REQUIRED WORK: On the basis of the records below, report how many lines contain the word "Sunglasses". Nothing else should be given.

Data items:
#####

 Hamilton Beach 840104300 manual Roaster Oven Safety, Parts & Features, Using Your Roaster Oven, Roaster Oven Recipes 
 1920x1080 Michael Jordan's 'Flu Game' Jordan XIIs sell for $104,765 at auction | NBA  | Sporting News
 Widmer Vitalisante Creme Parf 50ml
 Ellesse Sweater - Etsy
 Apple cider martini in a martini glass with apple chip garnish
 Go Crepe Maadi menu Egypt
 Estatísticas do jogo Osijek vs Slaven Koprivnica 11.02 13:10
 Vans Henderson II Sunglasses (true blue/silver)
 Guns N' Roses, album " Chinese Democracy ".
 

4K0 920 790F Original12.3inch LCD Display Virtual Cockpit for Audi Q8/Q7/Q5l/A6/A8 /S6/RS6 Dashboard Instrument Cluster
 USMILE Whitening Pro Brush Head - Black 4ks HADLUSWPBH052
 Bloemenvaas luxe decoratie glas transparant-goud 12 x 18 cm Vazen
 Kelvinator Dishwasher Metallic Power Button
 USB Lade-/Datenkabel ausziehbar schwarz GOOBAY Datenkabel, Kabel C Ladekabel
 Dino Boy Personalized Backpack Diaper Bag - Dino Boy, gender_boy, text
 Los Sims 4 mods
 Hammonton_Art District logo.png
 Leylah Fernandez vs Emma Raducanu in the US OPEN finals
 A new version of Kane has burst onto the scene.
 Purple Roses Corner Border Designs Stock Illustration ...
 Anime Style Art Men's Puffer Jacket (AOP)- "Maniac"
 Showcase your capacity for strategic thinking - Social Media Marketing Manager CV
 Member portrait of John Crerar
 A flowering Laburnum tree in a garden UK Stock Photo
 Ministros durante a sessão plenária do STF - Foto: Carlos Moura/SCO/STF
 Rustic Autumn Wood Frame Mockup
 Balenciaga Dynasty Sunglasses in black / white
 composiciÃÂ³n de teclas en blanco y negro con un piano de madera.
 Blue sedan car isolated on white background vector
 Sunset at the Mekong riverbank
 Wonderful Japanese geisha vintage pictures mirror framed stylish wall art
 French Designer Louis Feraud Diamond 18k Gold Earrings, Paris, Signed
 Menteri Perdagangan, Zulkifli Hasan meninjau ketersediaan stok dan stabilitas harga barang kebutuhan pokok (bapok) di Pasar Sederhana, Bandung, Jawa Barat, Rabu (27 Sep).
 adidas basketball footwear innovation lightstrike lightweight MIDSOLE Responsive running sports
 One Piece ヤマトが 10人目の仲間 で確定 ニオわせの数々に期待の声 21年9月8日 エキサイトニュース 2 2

#####

RESULT OF THIS EXERCISE: 2